SweetOps #sre for September, 2019

Cheers. We’re using kube-prometheus (jsonnet) and that project has it as a first class extension so should be fine. Just waiting for s3. Then if we can move our logs from elastic to Loki we’re laughing. Use object storage instead of managing redundancy at block layer.

Jeremy G (Cloud Posse)

05:42:38 AM

I notice that the CoreOS Prometheus lists Thanos as a write-only backend.
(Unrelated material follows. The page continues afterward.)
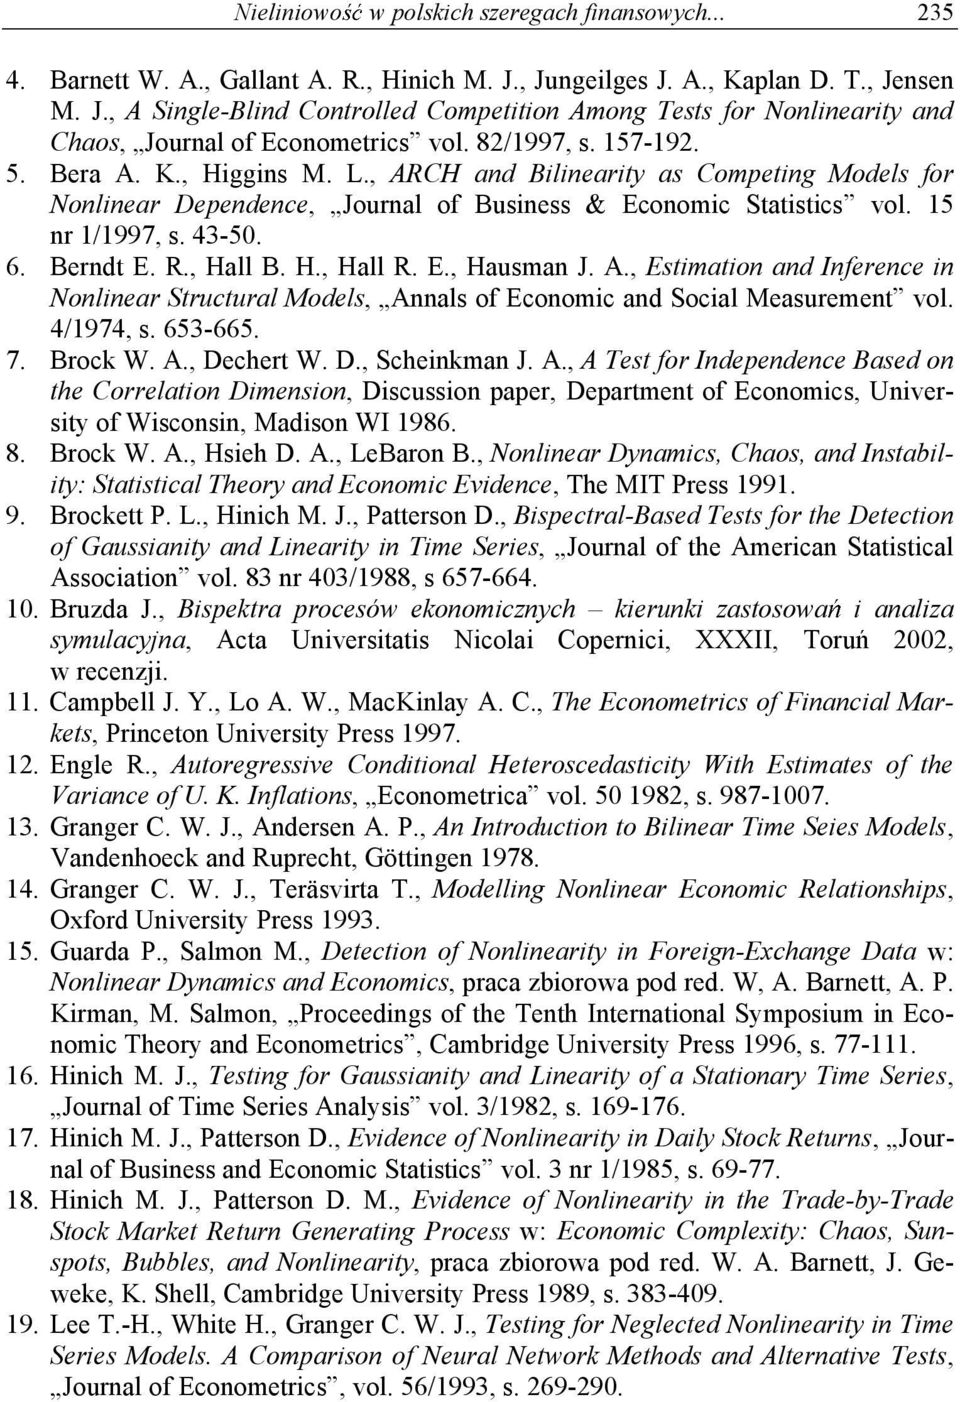 , ARCH and Bilinearity as Competing Models for Nonlinear Dependence, Journal of Business & Economic Statistics vol. 15 nr 1/1997, s. 4350. 6. Berndt E. R., Hall B. H., Hall R. E., Hausman J. A., Estimation and Inference in Nonlinear Structural Models, Annals of Economic and Social Measurement vol.
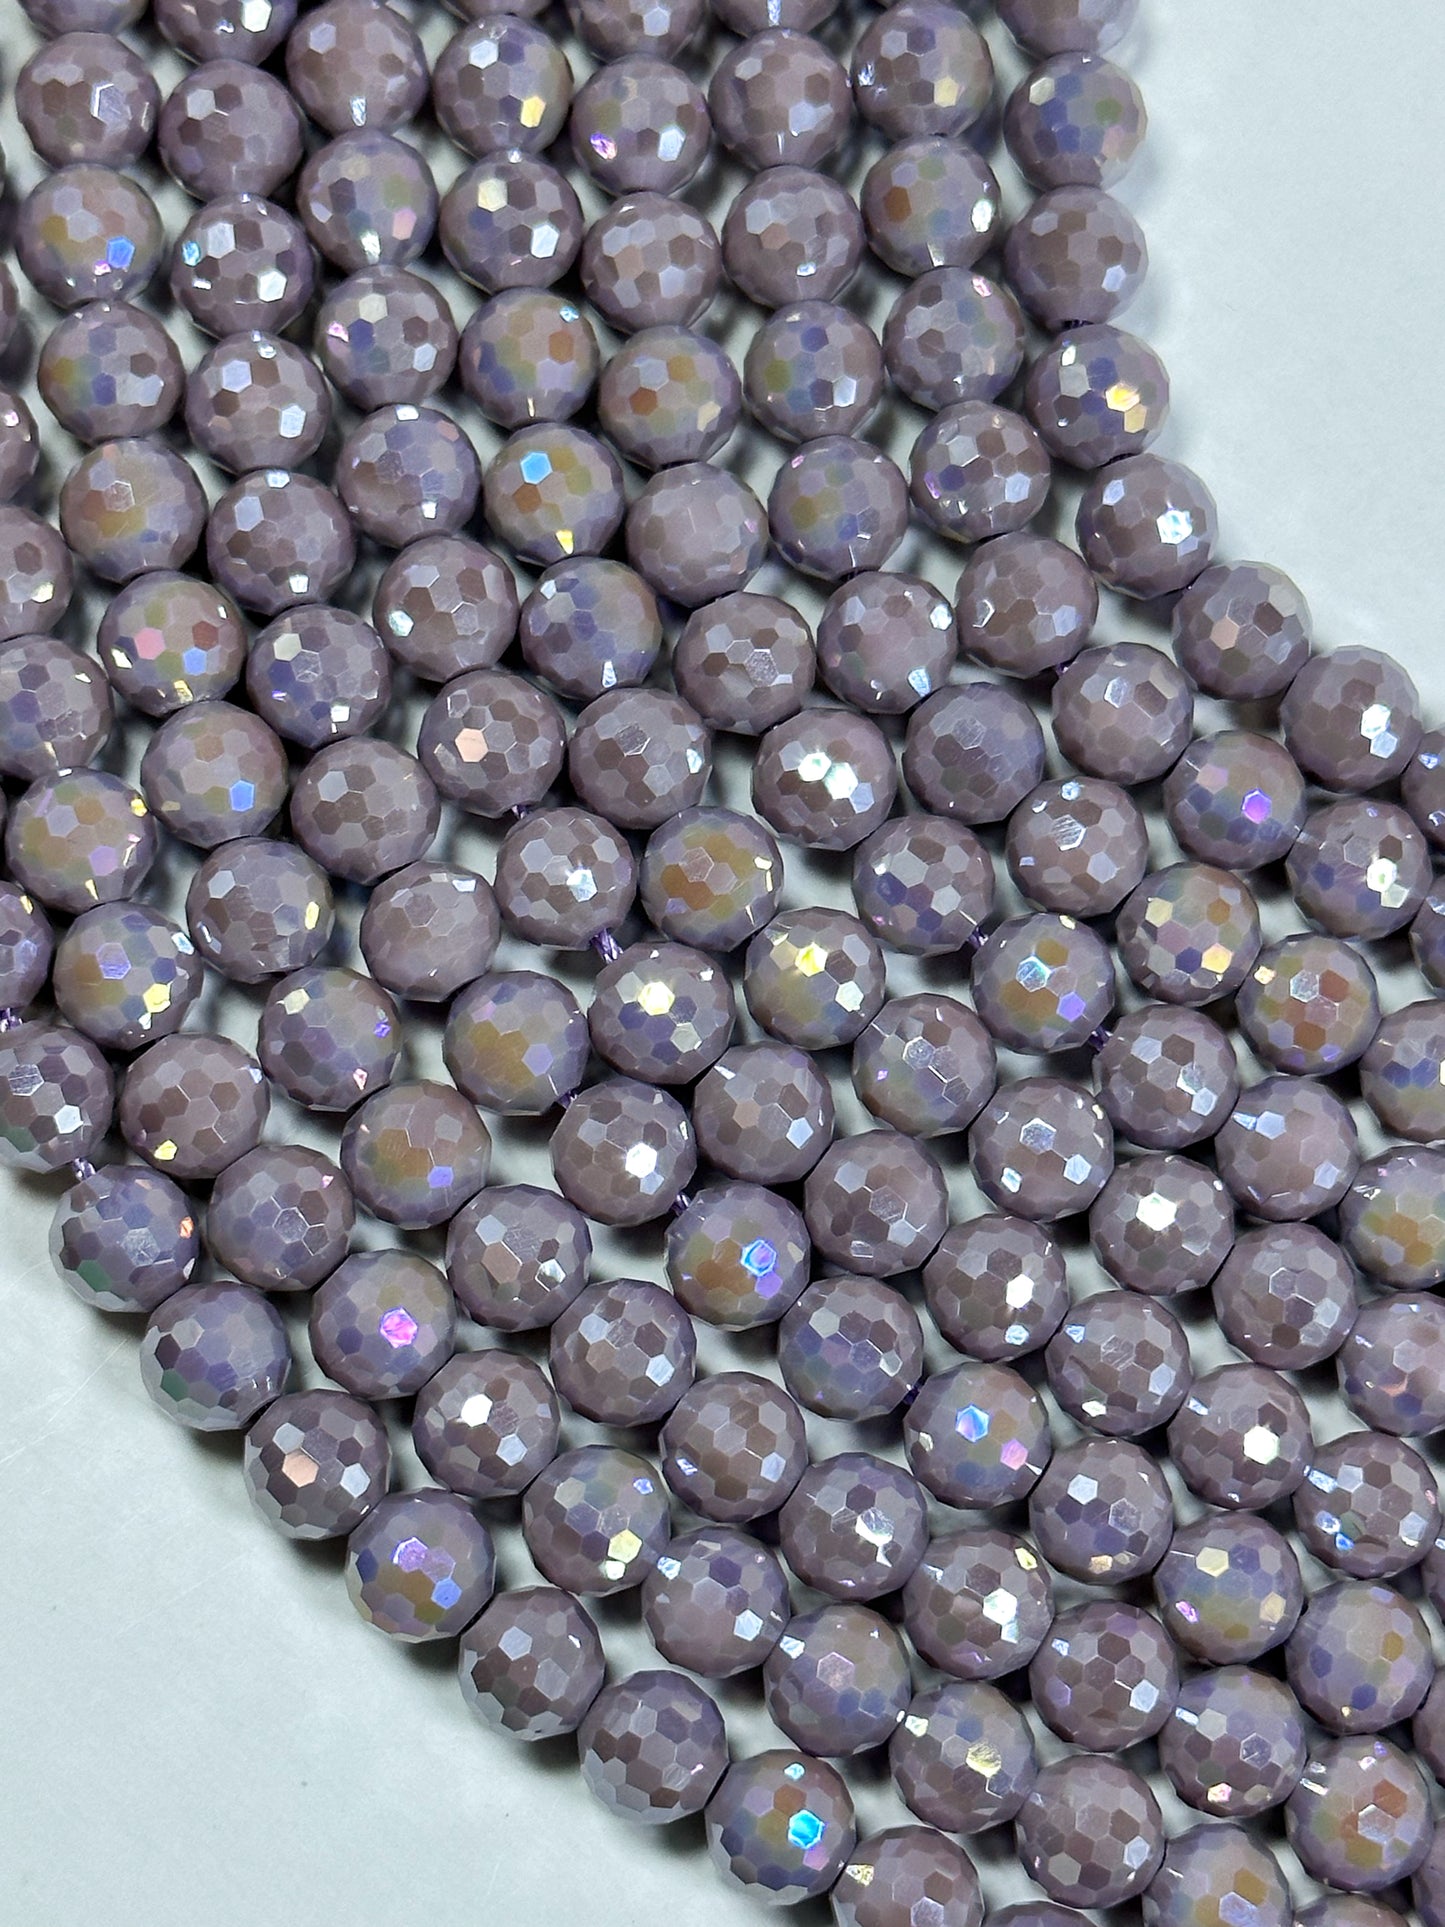 Beautiful Mystic Chinese Crystal Glass Bead Faceted 7.5mm Round Bead, Gorgeous Iridescent Light Purple Color Crystal Great Quality Glass

Erik Osterman (Cloud Posse)

06:07:55 PM

@Jeremy G (Cloud Posse)

Jeremy G (Cloud Posse)

08:37:10 PM

@Erik Osterman (Cloud Posse) I have to wonder how good the performance is and how expensive (real money) it is to use against an S3 back end, but otherwise it looks good on paper. Maybe get @webb to try it to solve the Kubecost history storage problem

webb

10:03:11 PM

@Jeremy G (Cloud Posse) @asmito we did a deep dive ~2 months ago. Our view was… very promising project but we felt that some of the scaling issues were going to be hard for us to go over. We’re ingesting 100k+ metrics per min. We plan to revisit it soon. Happy to share more detail if it would be helpful.

Jeremy G (Cloud Posse)

10:05:27 PM

Yes, please do share some details. Is the bottleneck the performance of S3 or something else? Did you find a threshold rate of metrics that went from acceptable performance to not?

webb

10:29:12 PM

I’m sorry – I just tried to reference our notes from this experiment and I may have been mistaken actually… while we don’t have exact results on hand today, it looks like our notes show that we needed a more expressive query language for the range/scale of data we were querying. We had a general question mark around scale given that Thanos is a sandbox project, but it looks like there are no specific notes around hitting bottlenecks. My apologies. I expect we’ll revisit this soon, but for now we’re using the Postgres adapter.

2019-09-14

Erik Osterman (Cloud Posse)

11:52:17 PM

https://github.com/spotahome/service-level-operator

spotahome/service-level-operator

Manage application’s SLI and SLO’s easily with the application lifecycle inside a Kubernetes cluster - spotahome/service-level-operator

kskewes

02:22:48 AM

Great share! Looks very interesting. Neat to have multi burn rate defined too. There’s a semi recent SoundCloud blog talking about how they do it with vanilla Prometheus using recording rules etc.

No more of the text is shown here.